4 Aralık 2007 Salı

Language vs. Speech

Although in colloquial parlance we rarely distinguish between language and speech, in actual fact the two are different. Speech is a physiological phenomenon. It involves the use of the organs of the vocal apparatus—the tongue, the teeth, the epiglottis, etc.—to deliver language, which is a mental code. Language is commonly delivered
as... speech; but it can also be expressed through other media, such as the alphabetic and the gestural ones. One can have language without speech, as do individuals with impaired vocal organs, because it exists as a mental code. But one cannot, clearly, have speech without language.


There is a strong possibility that language developed before speech in the human species. The evidence, however, is indirect. At birth, the larynx in human infants is high in the neck, as it is in other primates. Infants breathe, swallow, and vocalize in ways that are physiologically similar to gorillas and chimps. But, some time around the first three to six months of life, the infant's larynx starts to descend gradually into the neck, dramatically altering the ways in which the child will carry out laryngeal physiological functions from then on. Nobody knows why this descent occurs. It is an anatomical phenomenon that is unique to humans.

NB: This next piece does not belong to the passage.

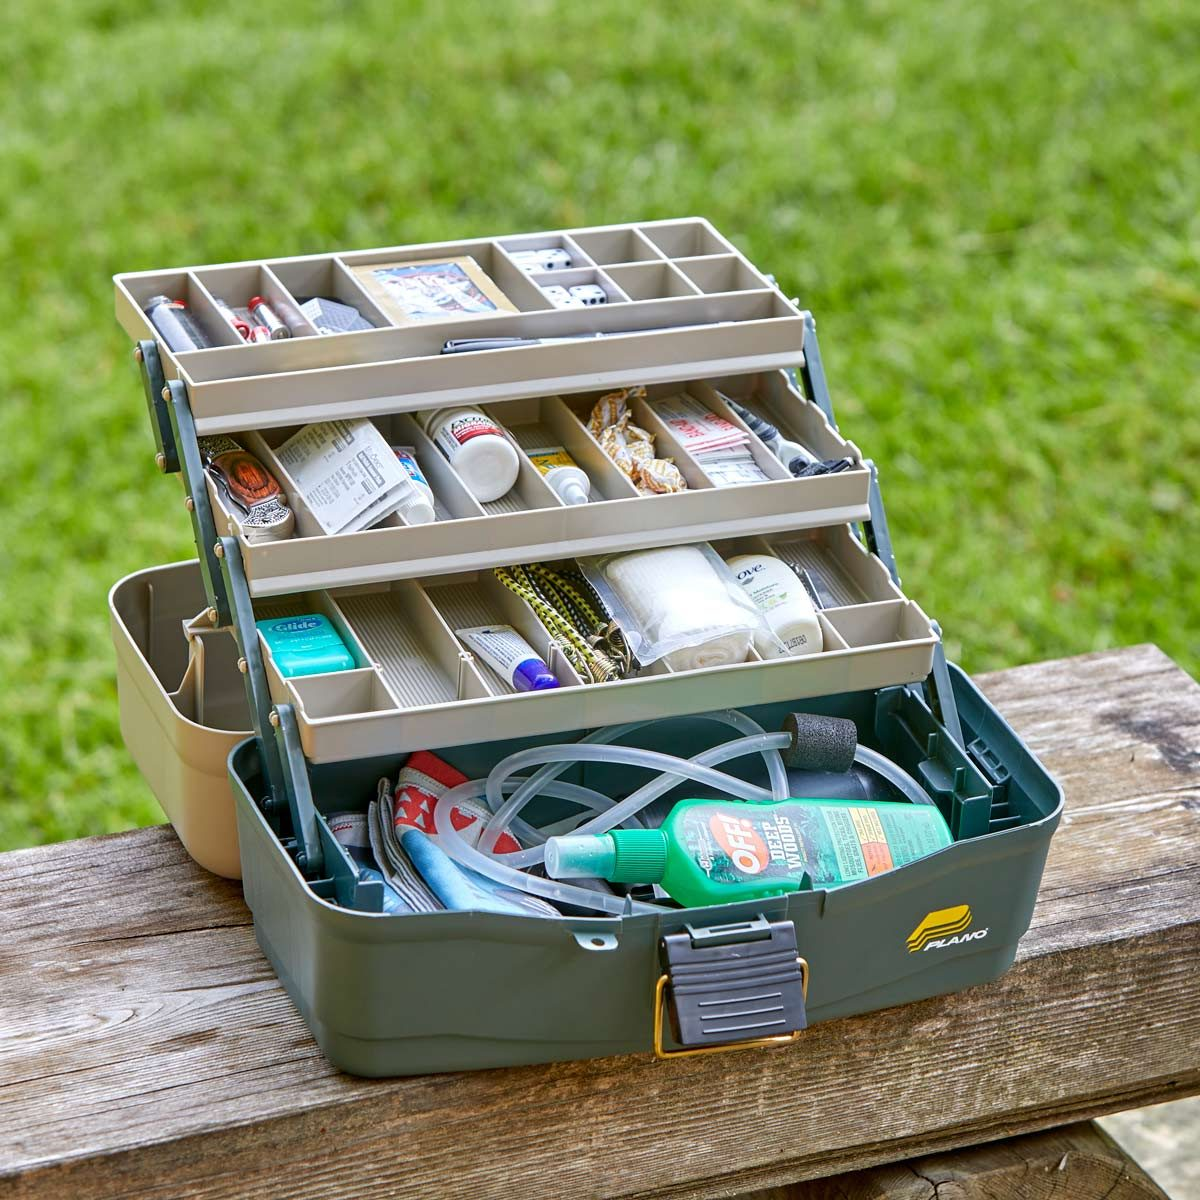 HH utility tackle box camping supplies

This new low position means that the respiratory and digestive tracts now cross above the larynx. This entails a few risks: food can easily lodge in the entrance of the larynx, and humans cannot drink and breathe simultaneously without choking. But in compensation, it produces a pharyngeal chamber above the vocal folds that can modify sound.
The lowered larynx makes it possible for human beings to articulate sounds with the vocal apparatus. The specific sounds that are used in a language to make up vocal signifiers are called phonemes. The phoneme is a minimal unit of sound that allows people who speak a language to differentiate its words. For example, what keeps words such as sip and zip distinct is the first sound. The phonemic difference between s and z can be discerned in the vibration of the vocal cords in the larynx. Putting an index and middle finger over the larynx and articulating these two sounds will immediately make the difference between s and z quite evident—the cords vibrate during the pronunciation of z, but not of s. The two sounds are otherwise articulated in the same way. Phonemic distinctions are perceived by the hearing center of the brain and produced through its motor pathways via a complex system of coordination between brain and vocal organs.

There are twelve cranial nerves. Seven of these link the brain with the vocal organs. Some perform a motor function, controlling the movement of muscles, while others perform a sensory function, sending signals to the brain. The larynx controls the flow of air to and from the lungs, so as to prevent food, foreign objects, or other substances from entering the trachea on their way to the stomach. The ability to control the vocal folds makes it possible to build up pressure within the lungs and to emit air not only for expiration purposes, but also for the production of sound. These physiological conditions were prerequisites for the development of vocal speech in the species too. Interestingly, research on the casts of human skulls has established that the lowering of the larynx did not take place earlier than 100,000 years ago. This is fairly persuasive evidence that there may have been language without speech in pre-Homo Sapiens species. The most probable mode of delivery of language was gesture. When speech became physiologically possible, it is likely that it was used in tandem with the previous gestural signs, not replacing them completely. This is the most likely reason why we still use gesture as a default mode of communication (when vocal speech is impossible), and why we gesticulate when we speak.